SC25: HACCing over 500 Petaflops on Frontier
Hello you fine Internet folks,
Hello you fine Internet folks,
Here at Supercomputing the Gordon Bell Prize is announced every year. The Gordon Bell Prize is awarded every year to recognize outstanding achievement in high-performance computing applications.
One of this year’s finalist is the largest ever simulation of the Universe run on the Frontier Supercomputer at the Department of Energy’s Oak Ridge National Laboratory (ORNL). The simulation was run using the Hardware/Hybrid Accelerated Cosmology Code also known as HACC.
This simulation of the observable universe tracked over 4 trillion particles across 15 billion light years of space. The prior state of the art observable universe simulations only went up to about 250 billion particles which is a fifteenth the number of particles of this new simulation.
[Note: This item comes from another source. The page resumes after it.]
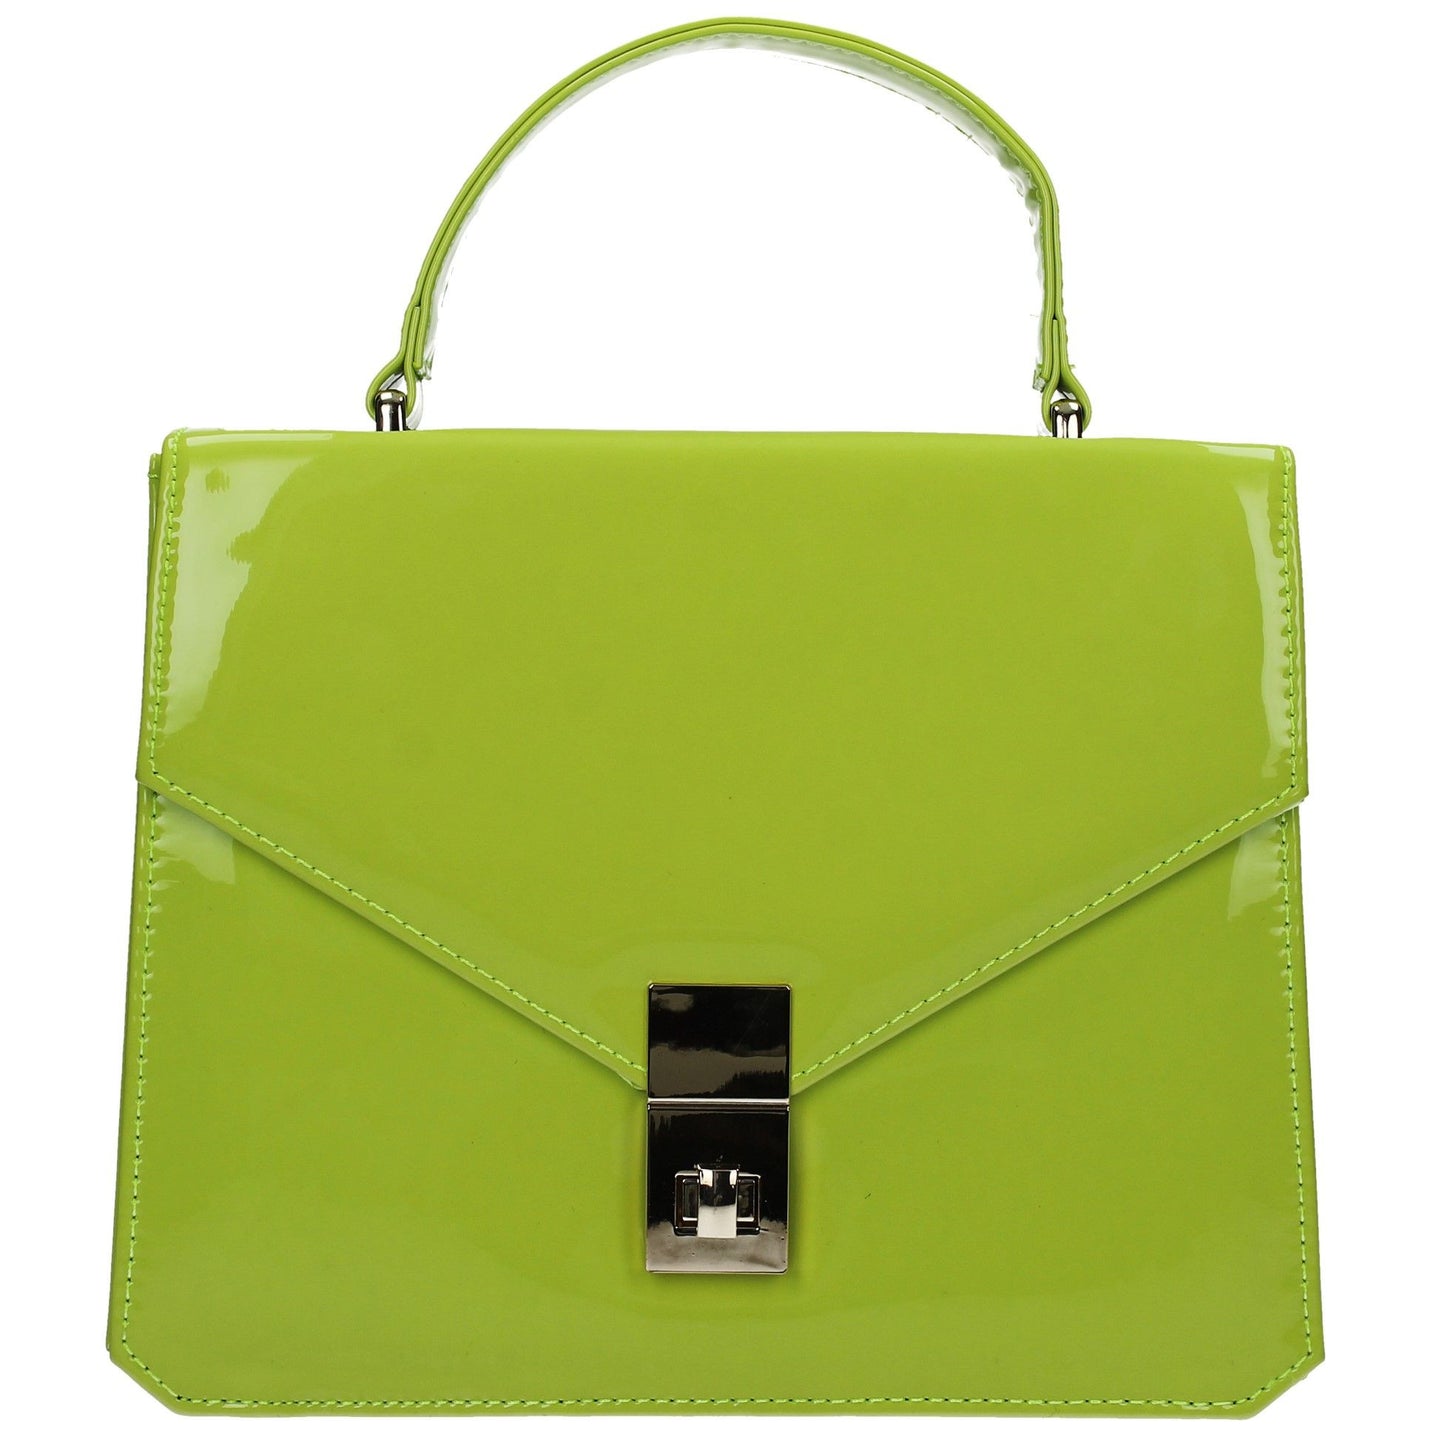 SWANKYSWANS Samantha Clutch Bag Lime Cute Cheap Clutch Bag For Weddings School and Work

This HACC simulation shows the universe about 10 billion years after the Big Bang.
But, not only was this the largest universe simulation ever, the ORNL team managed to get over 500 Petaflops on nearly 9,000 nodes of Frontier’s 9,402 nodes. As a reminder, Frontier manages to get approximately 1,353 Petaflops on High Performance Linpack (HPL). This means that for this simulation the ORNL team managed to get about 37% of the Rmax HPL performance out of Frontier which is very impressive for a non-synthetic workload.
It is awesome to see the Department of Energy’s (DOE) supercomputers being used for amazing science like this! With the announcement of the Discovery Supercomputer that is due in 2028/2029, I can’t wait to see the science that comes out of that system when it is turned over to the scientific community!